Types of Segmentation

There are a few types of segmentation tasks, each concerning a different level of granularity within it’s classification objective. The main difference between these tasks are the types of datasets (particularly how they are labelled), and their end application use. This section provides a brief overview of the different kinds of segmentation: Semantic, Instance and Panoptic.

image-center Output comparisons between different visual perception networks (source: University of Waterloo)

Semantic Segmentation

Most prominent is Semantic Segmentation, which performs pixel-wise classification on an image, and identifies the location of objects within the image through masks. This sets it apart from object detection, which only says ‘This image has sheep and dogs, and maybe cats, but no horses’, but does not tell you where these objects are. This is due to object detection models performing a sort of pattern matching (over a group of pixels) through learnt feature maps.

A semantic segmentation model functions as such:

  1. Extract features in training data
  2. Localize objects through bounding boxes
  3. Training to group pixels by learning the segmentation mask of objects.

In this way, objects are identified by local groups in an image, but does not distinguish individual instances of the actual object. Semantic segmentation is often used to study objects that are more amorphous.

Applications of Semantic Segmentation:

  1. Autonomous Driving: Detecting lanes, pedestrians etc.
  2. Geo Sensing: Satellite imagery and monitoring areas of deforestation and urbanization
  3. Medical: Detecting abnormalities in medical scans

Instance Segmentation

Instance Segmentation combines object detection and semantic segmentation. It identifies all instances of a class, and can demarcate each object as separate instance of the same class. Compared to semantic segmentation, the output of instance segmentation is more detailed, able to recognize objects as sheep, and also able to distinguish each sheep as a separate sheep, not simply a blob of sheep pixels (which may in fact include multiple sheep). However, this also means that in essence, each sheep is treated as a separate sheep class on its own.

An Instance segmentation model functions as a combination of 2 methods:

  1. Object Detection - find bounding boxes for every object
  2. Semantic Segmentation - find object masks for each object

In implementation, there are 2 approaches:

  1. Top-down: Learn semantic point features first, then group into separate instances
    • Uses approach similar to Mask R-CNN, where instances are detected as bounding boxes, then mask segmentation is performed on each box individually.
  2. Bottom-up: Detect object instances then refine semantic mask
    • Uses Contrastive Learning; points are mapped to a high-dimensional feature space where features of the same instance are close together, and far apart from others.

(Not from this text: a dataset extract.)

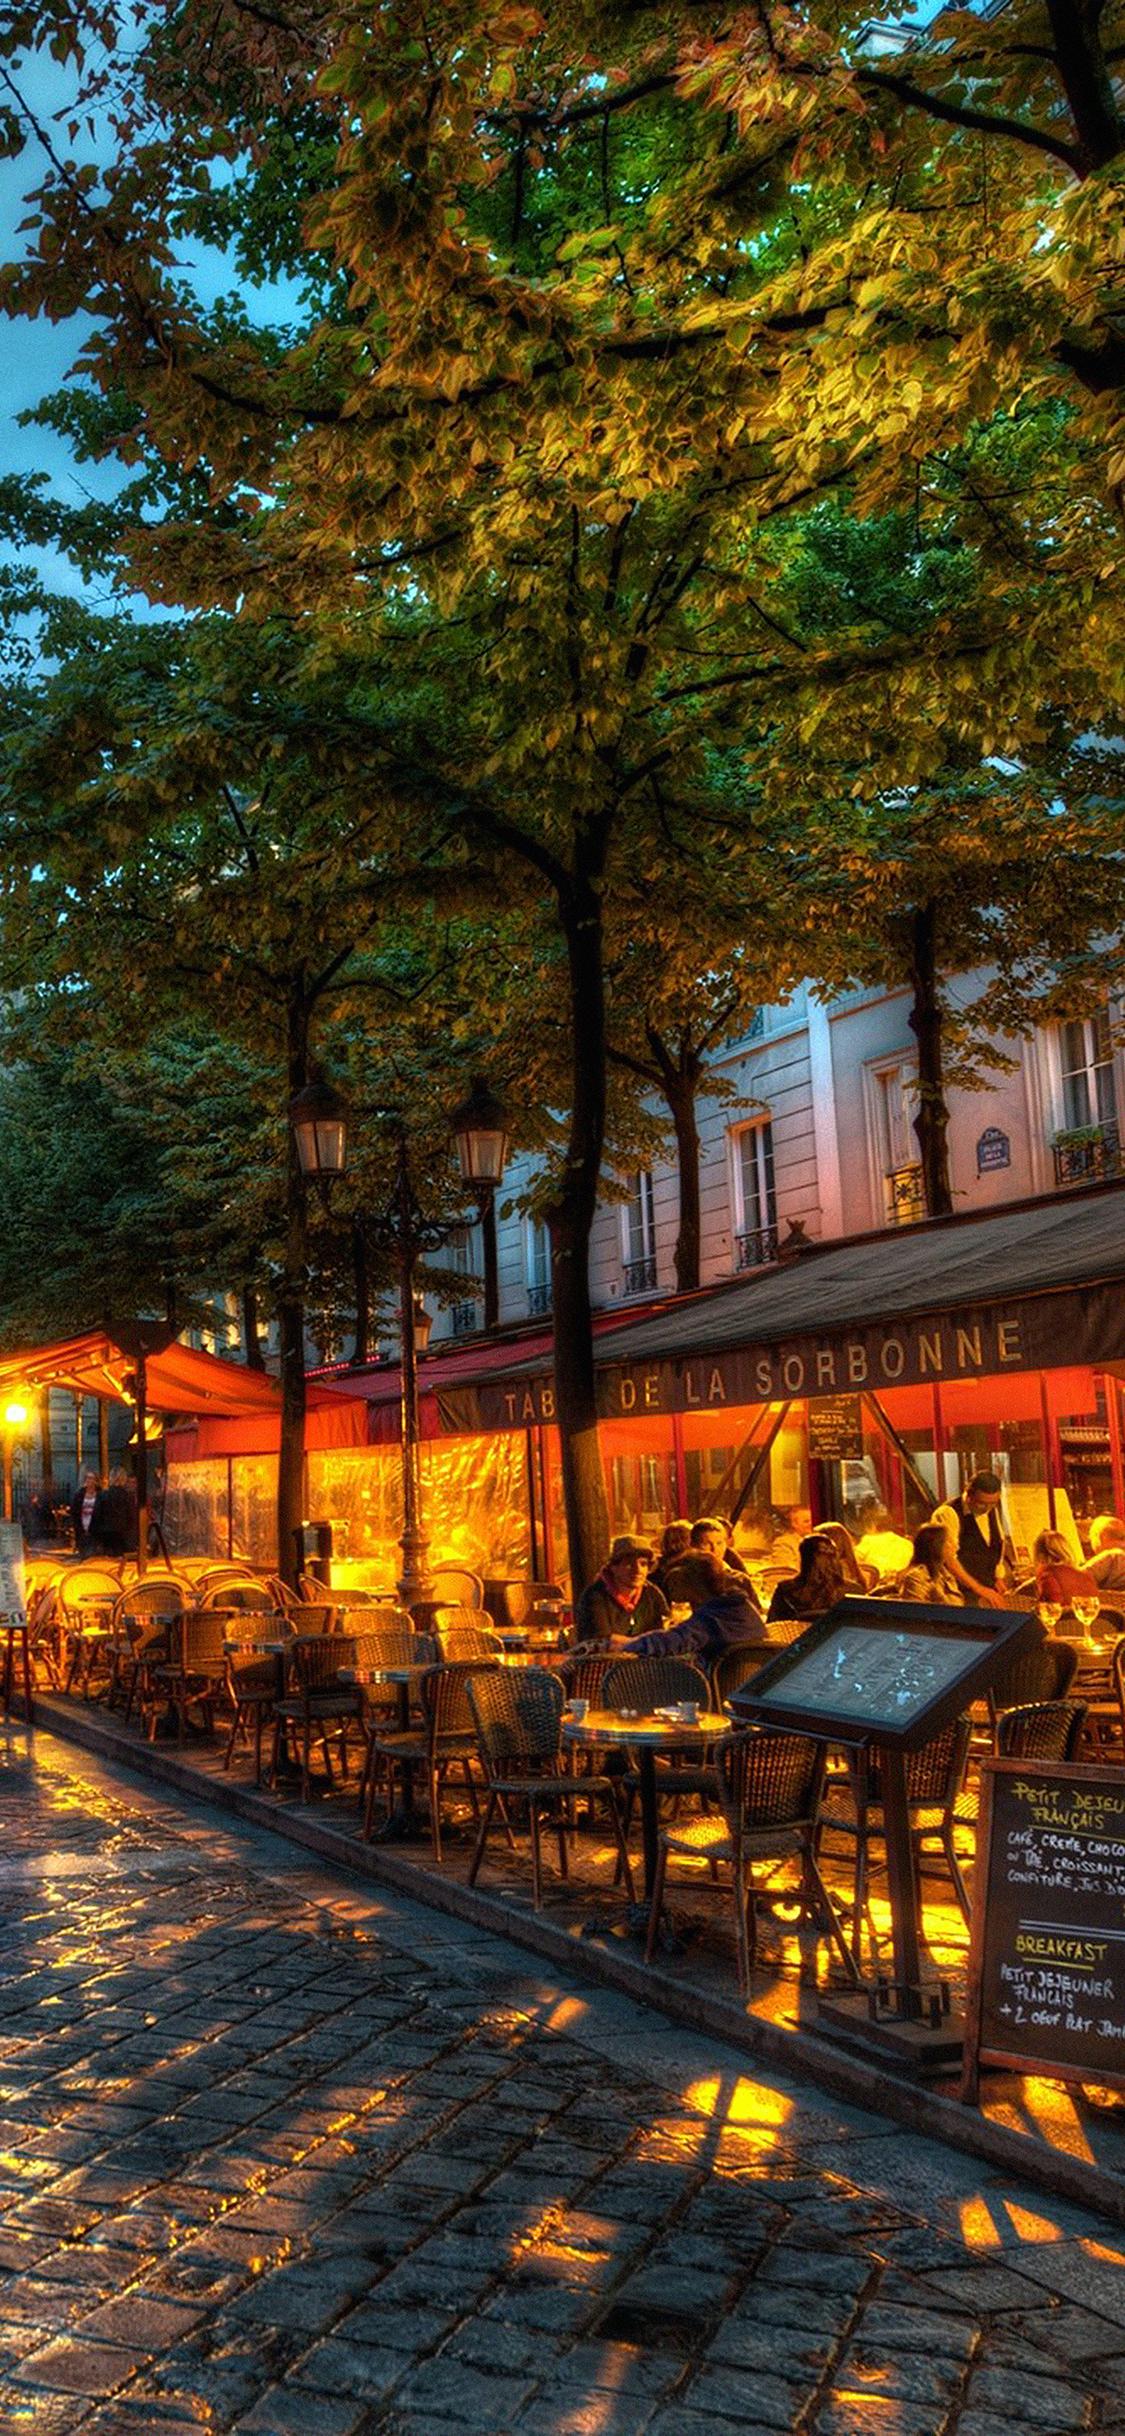 iPhoneXpapers.com-Apple-iPhone-wallpaper-me85-de-la-sorbonne-city-street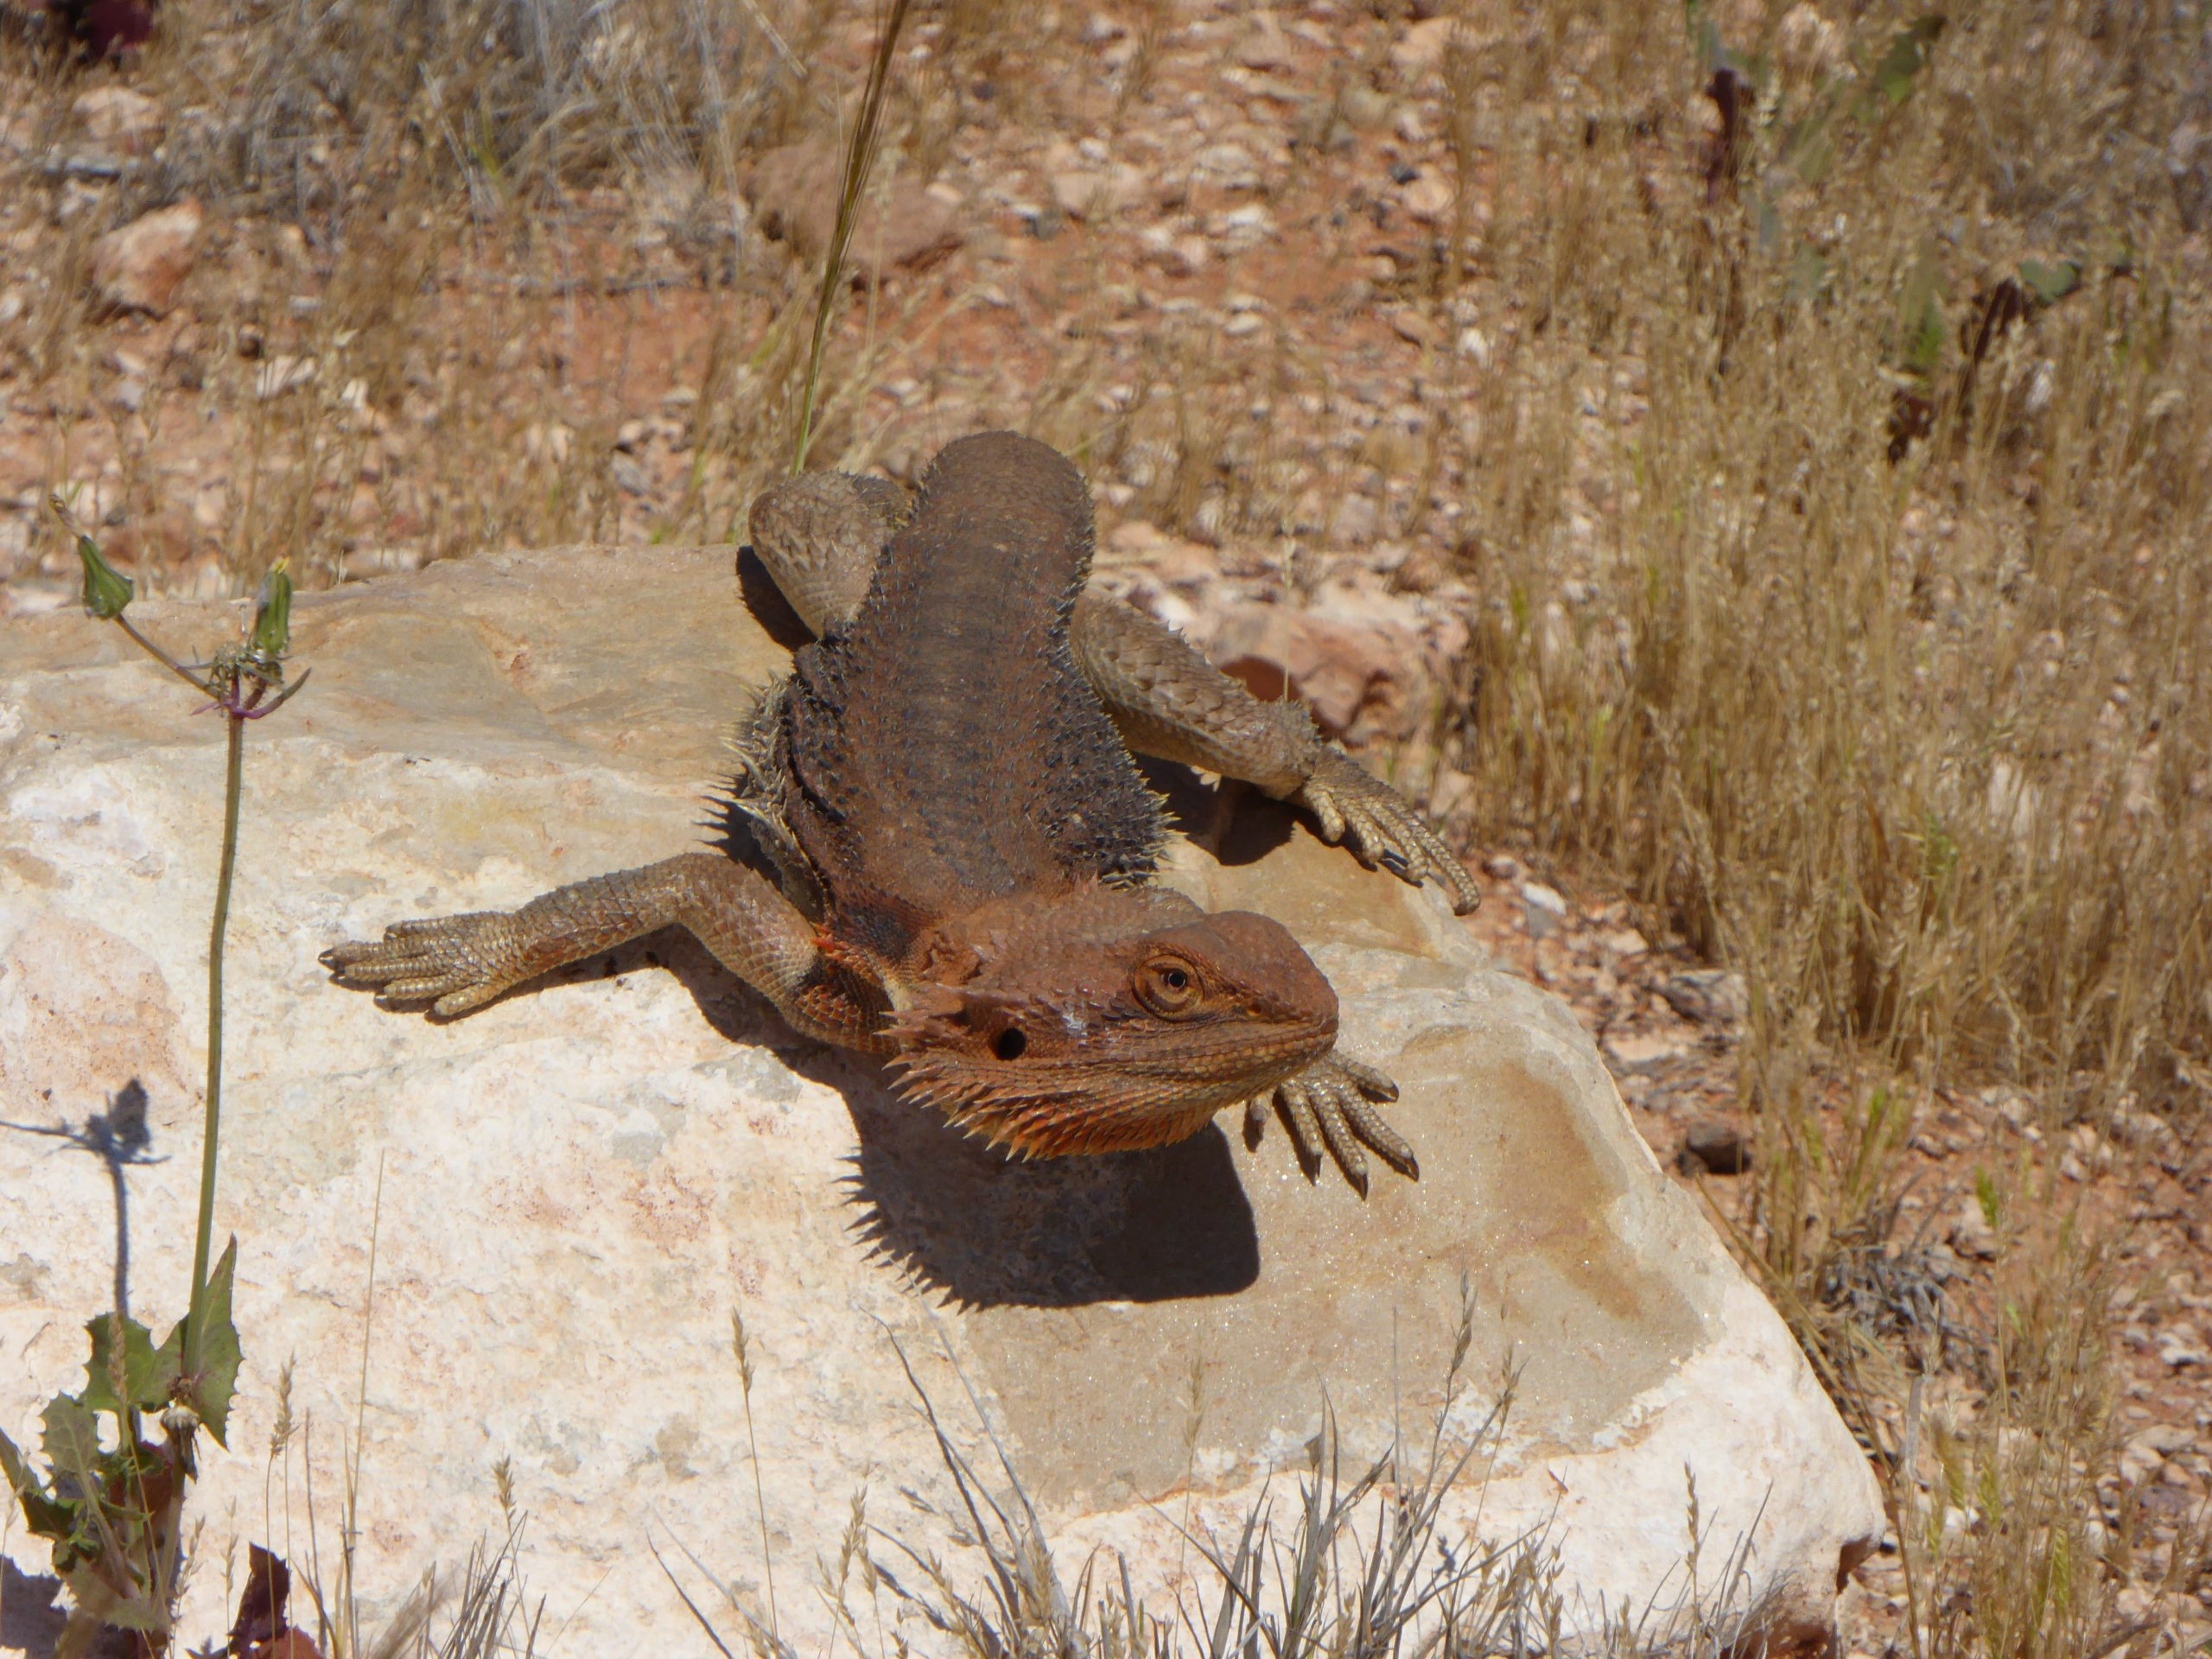 Radreise Australien 2016 - Streifenköpfige Bartagame (Pogona vitticeps)

Applications of Instance Segmentation:

  1. Medical: Identify tumors in MRI scans etc.
  2. Satellite Imagery: Counting cars, detecting ships for maritime security etc.
  3. Robotics: Self-supervised learning to segment observations into individual objects

Panoptic Segmentation

Panoptic Segmentation is concerned with scene understanding, and combines semantic and instance segmentation. It identifies objects with respect to its class labels, and also identifies all individual instances of the object in the scene. These class labels includes both countable objects with properly defined geometry (i.e. people, cars, animals), as well as things that have no defined geometry but are easily identified by texture (i.e. sky, road, water).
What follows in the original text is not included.